* _Data provided_
++++++

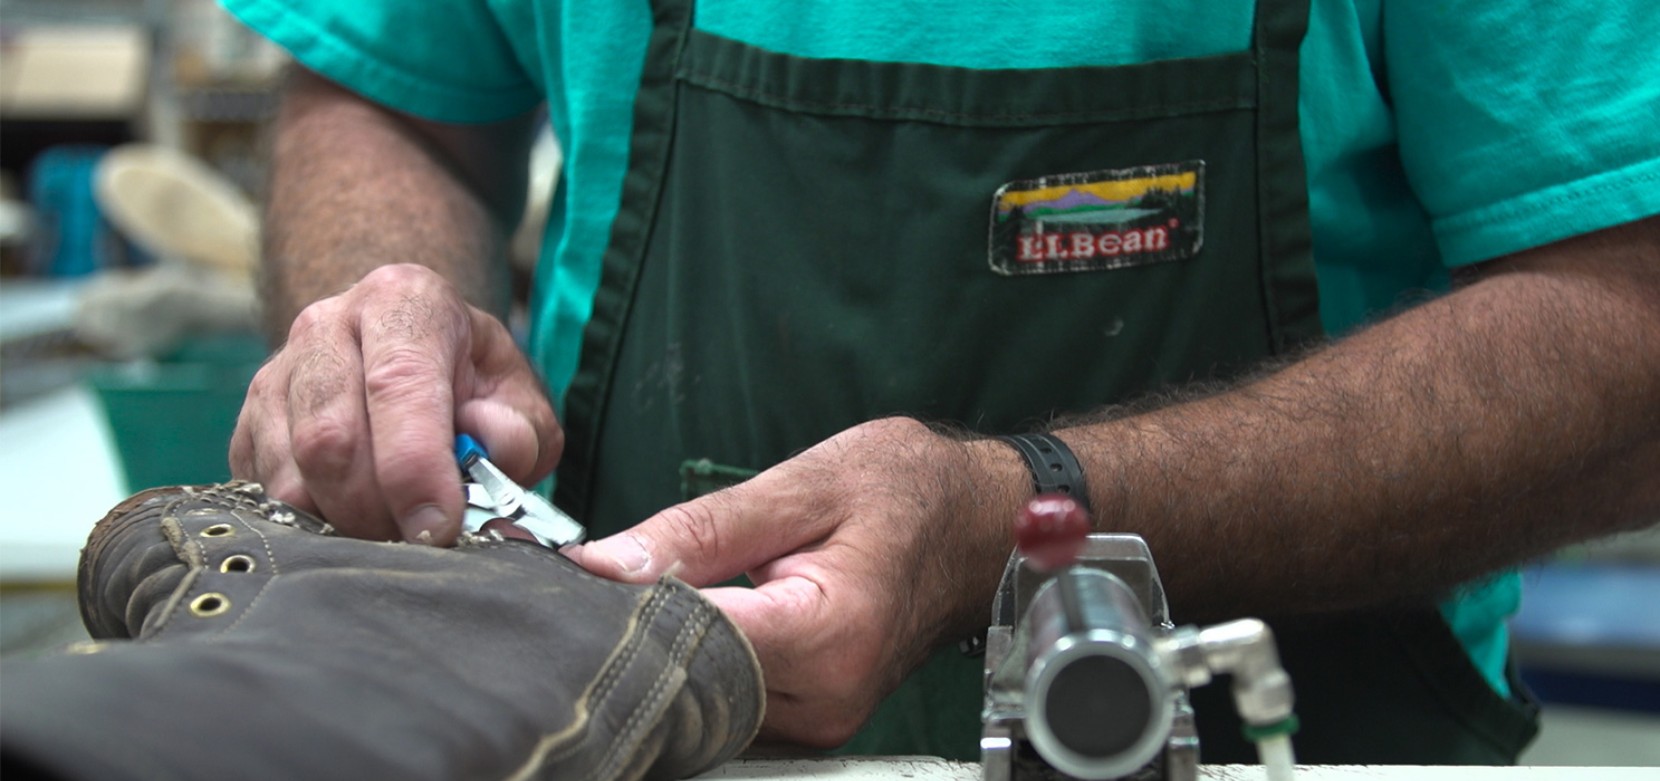 L.L.Bean Employee repairing a Bean Boot.
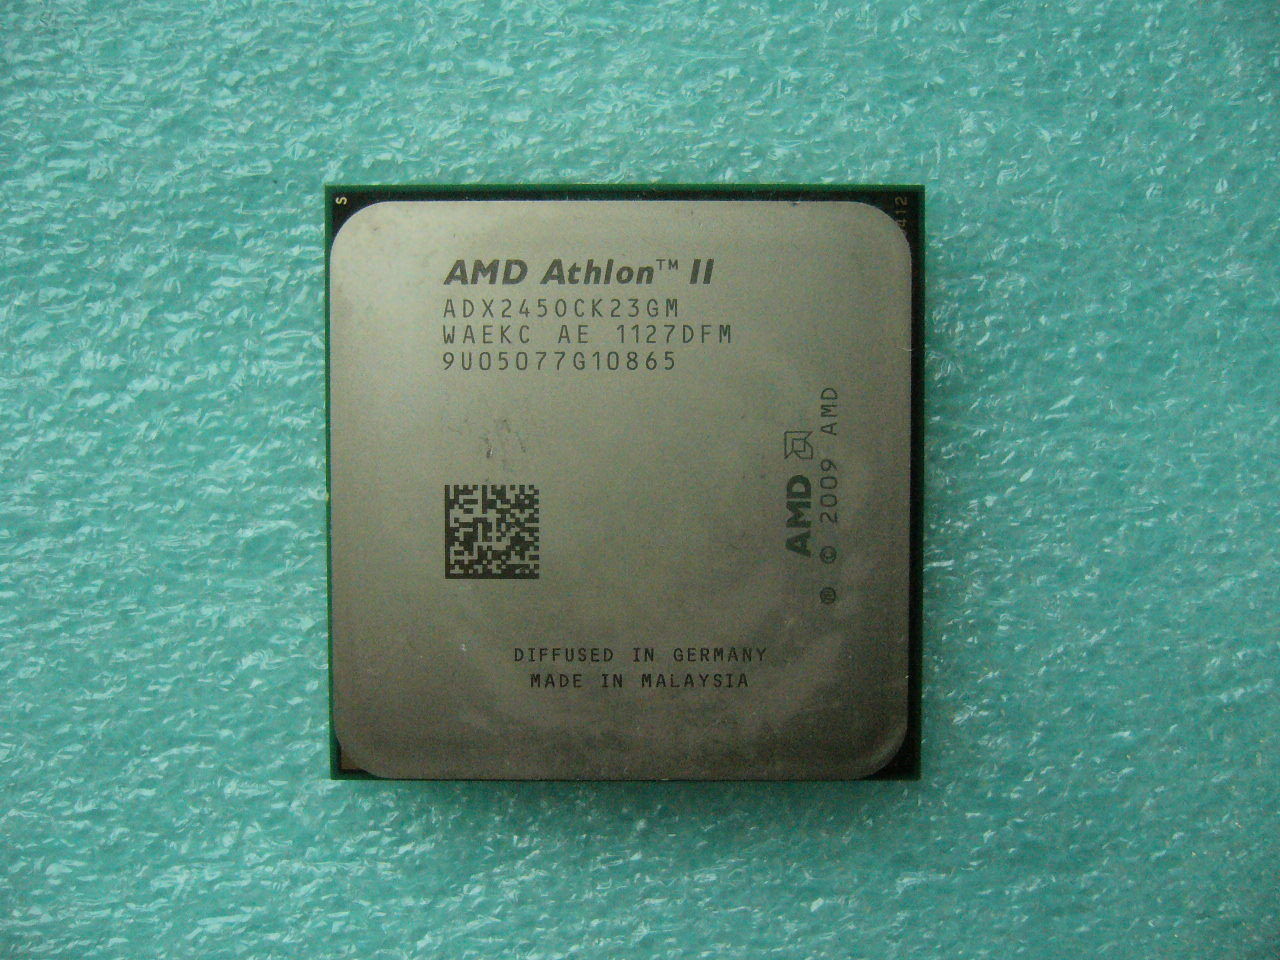 QTY 1x AMD Athlon II X2 245 2.9 GHz Dual-Core (ADX245OCK23GM) CPU Socket AM3
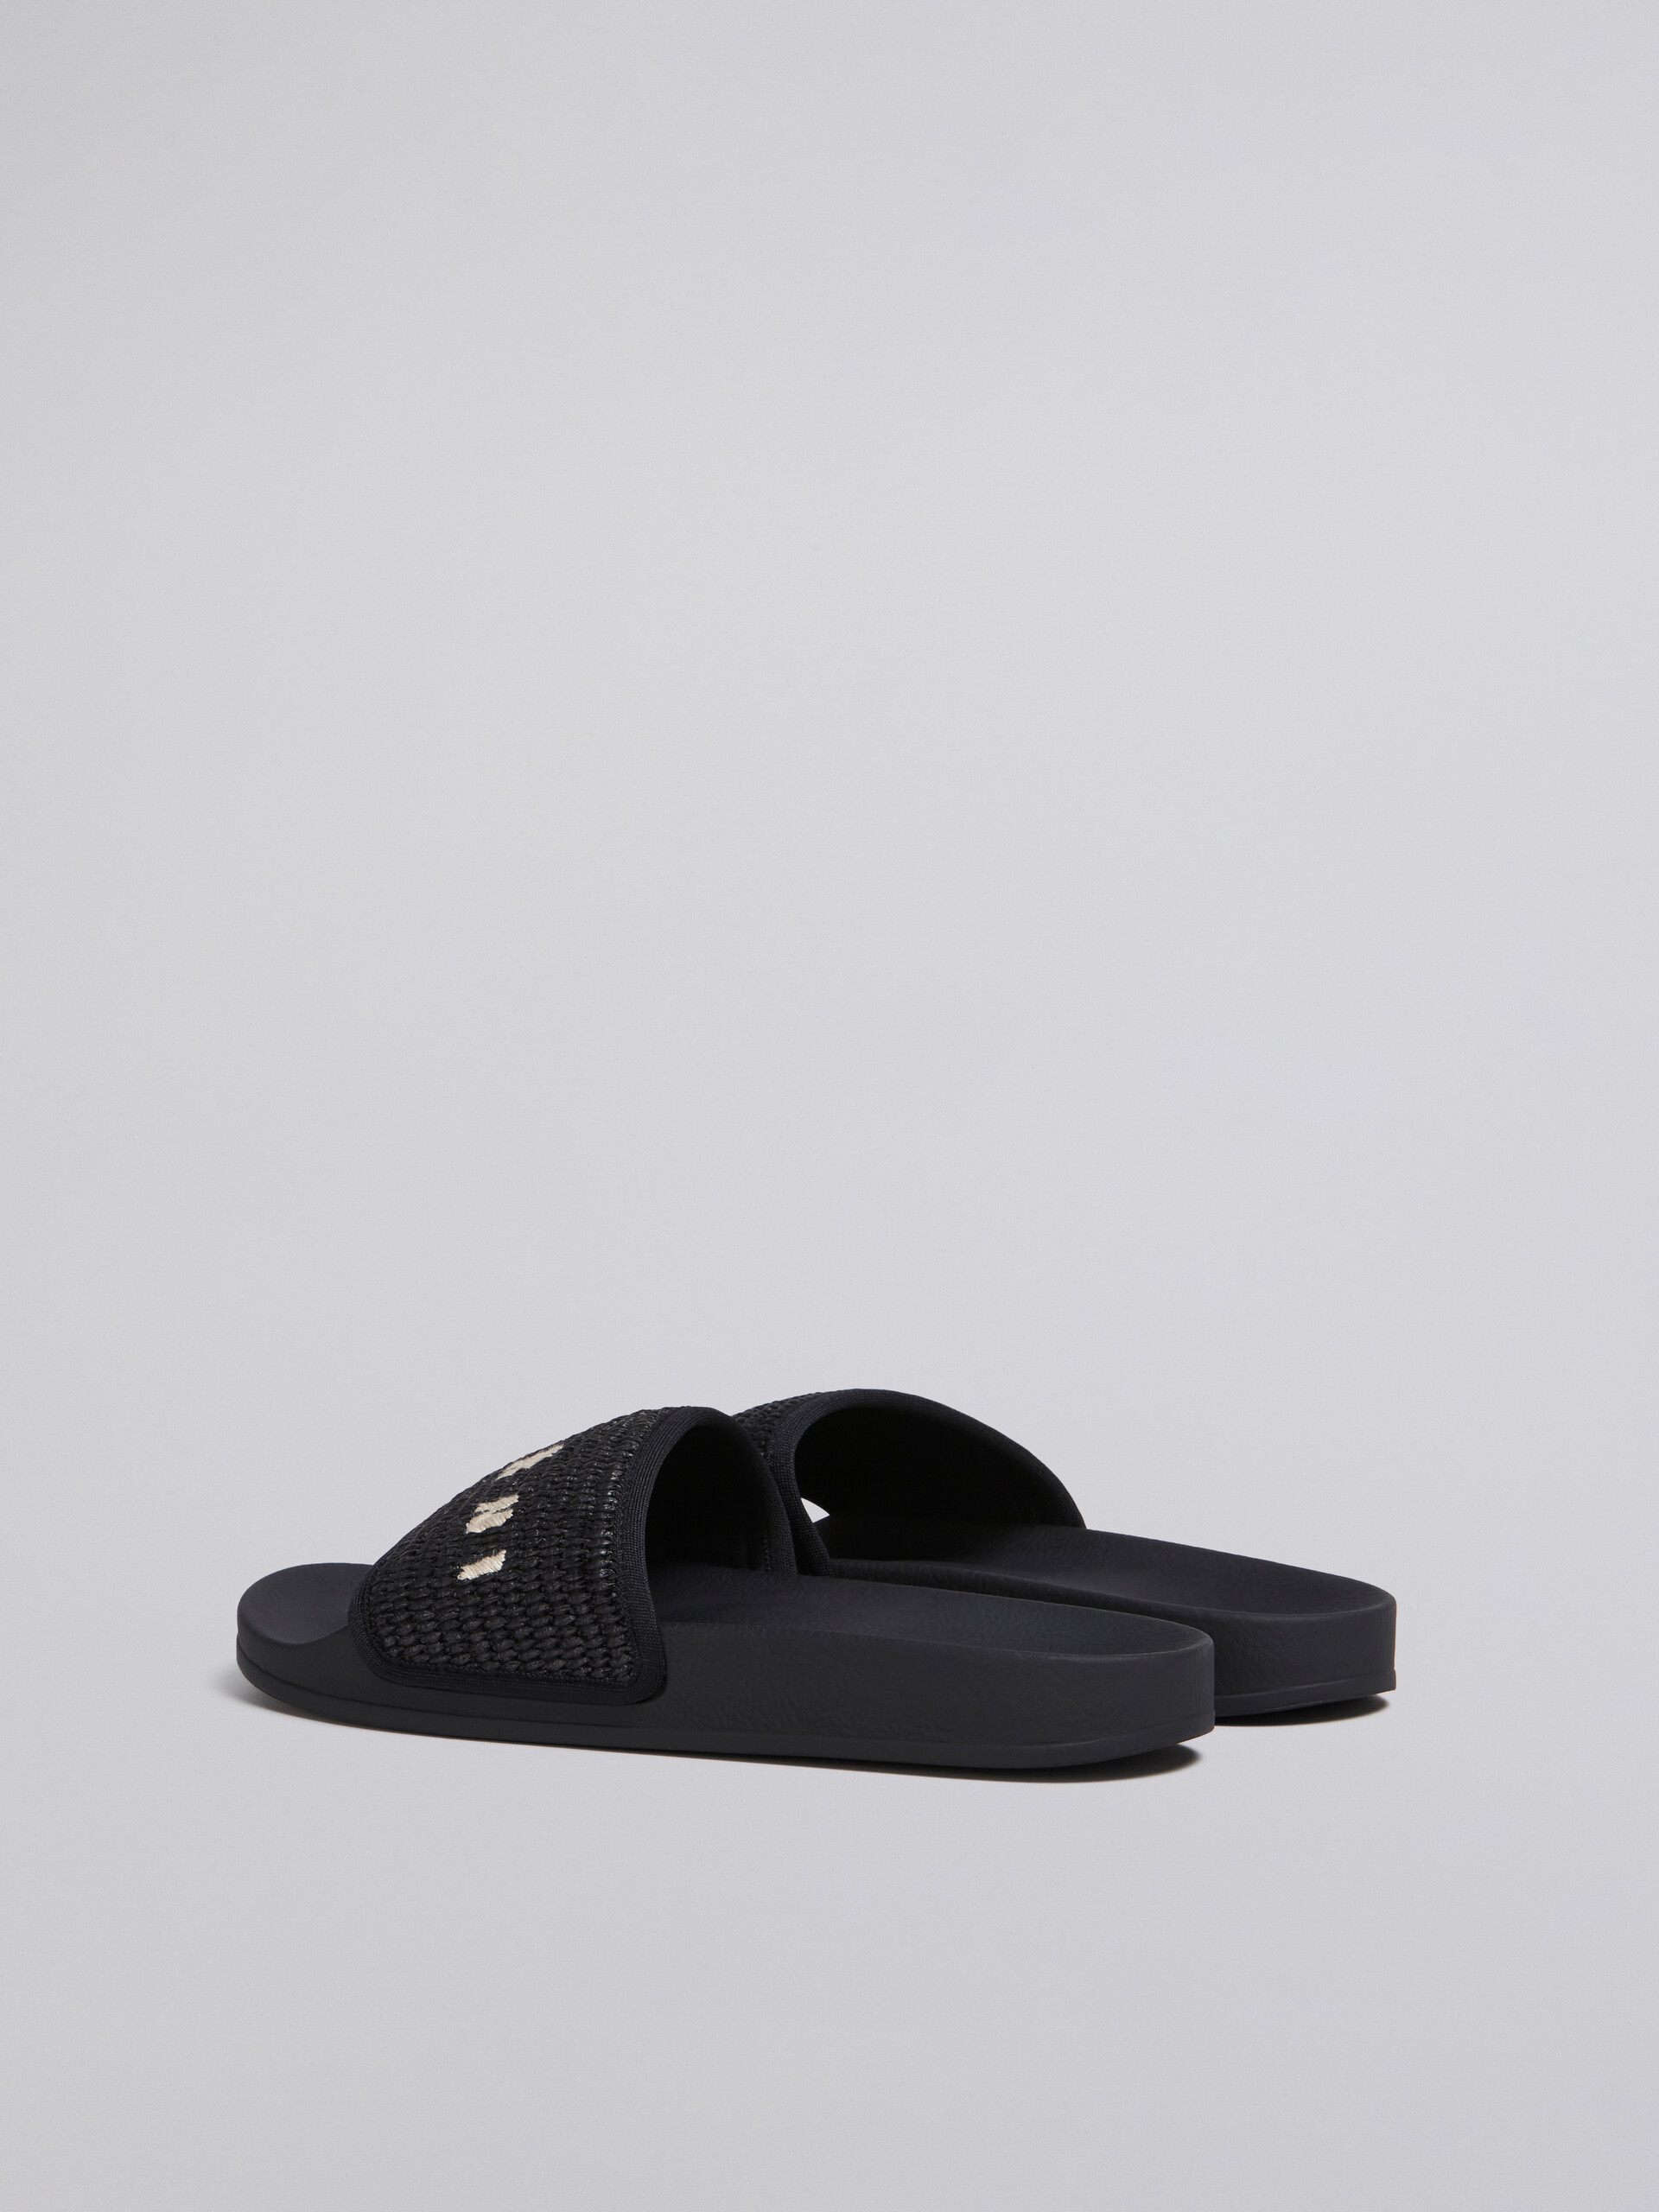 Black raffia sandal - Sandals - Image 3

++++++

* _Activity_
From the first line to the last, reproduce the listing above exactly, leaving the pictures out.

* _Answer to this exercise_
 L.L.Bean Employee repairing a Bean Boot.
 QTY 1x AMD Athlon II X2 245 2.9 GHz Dual-Core (ADX245OCK23GM) CPU Socket AM3
 Black raffia sandal - Sandals - Image 3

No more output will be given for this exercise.